黒き魔物にくちづけを

「まあ、ありがとう!いつも助かるわ」

彼女は礼を言って、彼らから果物たちを受け取る。エルフたちは嬉しそうにまたピーと鳴いた。言葉は分からないけれど、気持ちならわかると彼女は思う。

物を渡し終えると、エルフたちは揃って彼女に早く帰れというように屋敷の方を指さす。彼女を嫌ってのことではなく、怪我をしている魔物についてやれということらしいと知っていた。彼はこの森の魔物に、かなり慕われているらしかったから。

「もう熱も下がったしつきっきりじゃなくても大丈夫だとは思うんだけど……わかったわよ」

しつこくピーピー言っているエルフたちに押され、彼女は苦笑気味に踵を返した。

彼の怪我だが、やはり魔物だけあって人より回復力が高いらしく、治癒は早かった。さすがに完治とまではいっていないが、もう傷は塞がっているし、明日にでも動き回れるようになるだろう。

──あの日の夜、話したことについては、結局放置されたままになっていた。彼はあれ以上は話すつもりはないようだったし、彼女自身も予想以上に混乱していた。あの日はあのまま解散したのだが、なんと次の日に、無理をしたせいか彼の熱がひどくなってしまったのだ。

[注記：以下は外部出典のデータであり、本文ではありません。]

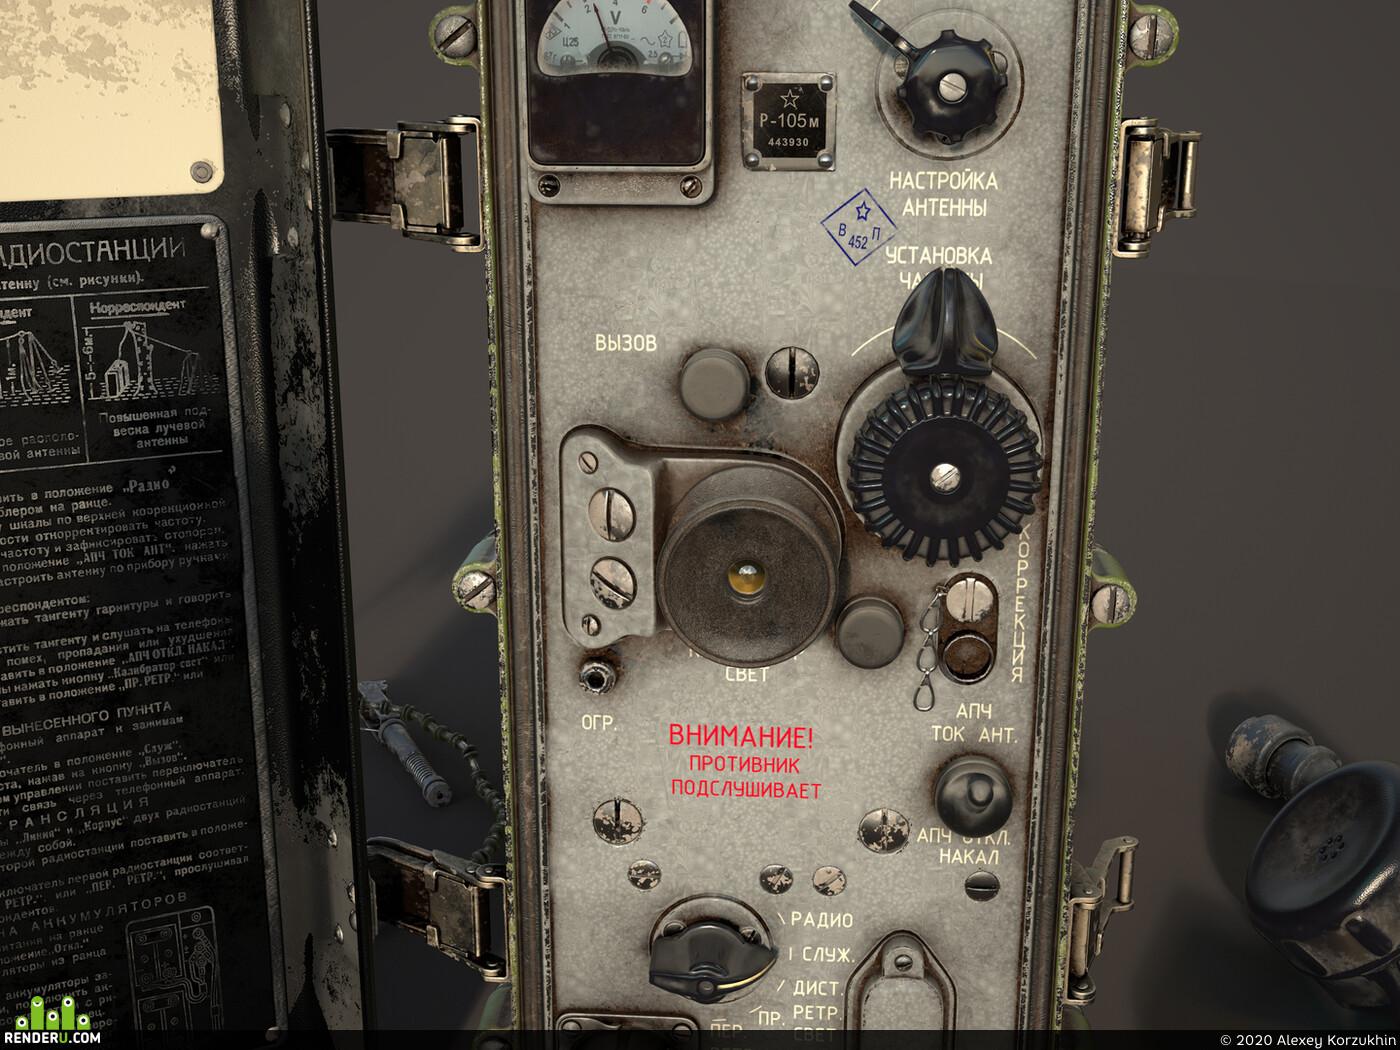 Portable VHF radio, Radio, military, Soviet Union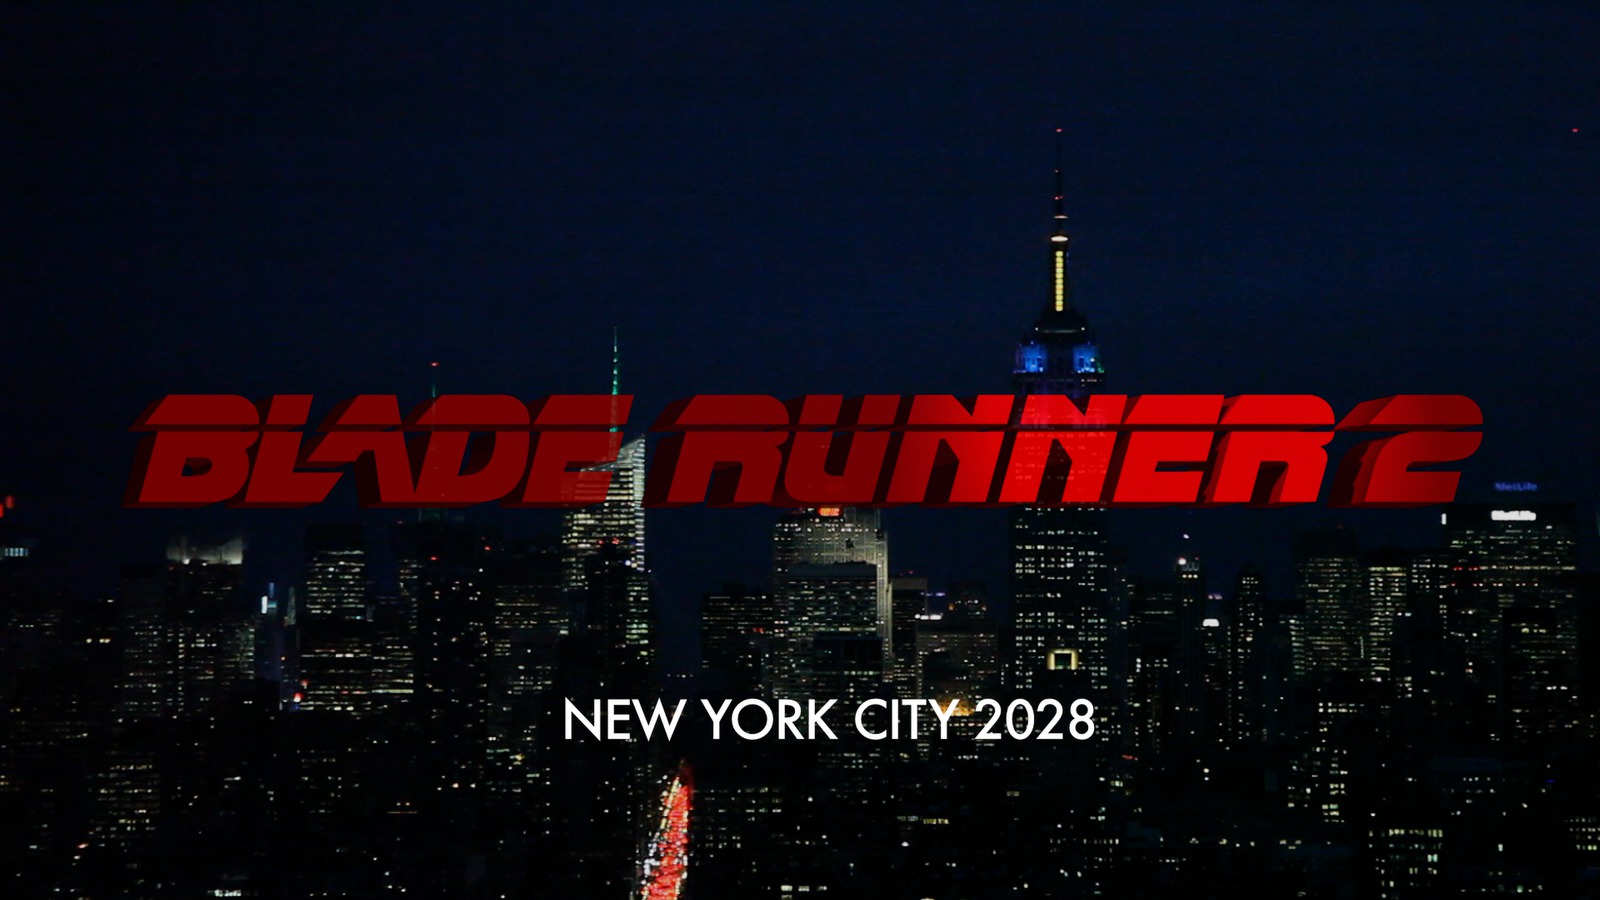 Blade Runner 2 - photo#5

熱が下がるまでは本当に大変だった。魔物が定期的に悪夢を見ては暴れ出すせいで包帯は乱れるわ塞がりかけた傷は広がるわで散々だったのだ。その代わり、下がってからの回復は早かったのだが。

そんな経緯で、あの日の会話を蒸し返すタイミングを見失ったまま、彼女達は何となく、あの会話をする以前の距離感へと戻っていた。

それに関する会話があったのは一度だけ。熱が下がる直前のことだ。魔物にスープを作って運んできた彼女に、彼はどこか気まずそうに、『出ていかなくて良いのか』と問いかけた。

え?と思わず手を止めて問い返した彼女に、寝転んだままの彼は言いにくそうに訊ねた。

『いや、その……ここで俺と暮らすことに、抵抗はないのか』

妙に気まずそうな彼の様子に、エレノアは何の話かを察する。『お前を壊したのは俺だ』なんて言われて、そのまま暮らせるのかと言うことなのだろう。

『他に行くところが無いって言ったでしょう。それに、病人放り出して出ていくほど冷血じゃないわ』

彼女がつんとそう言うと、彼は『そうか』と短く、どこかほっとしたようにも聞こえる声音で言った。その、短いやりとりを交わしたっきりである。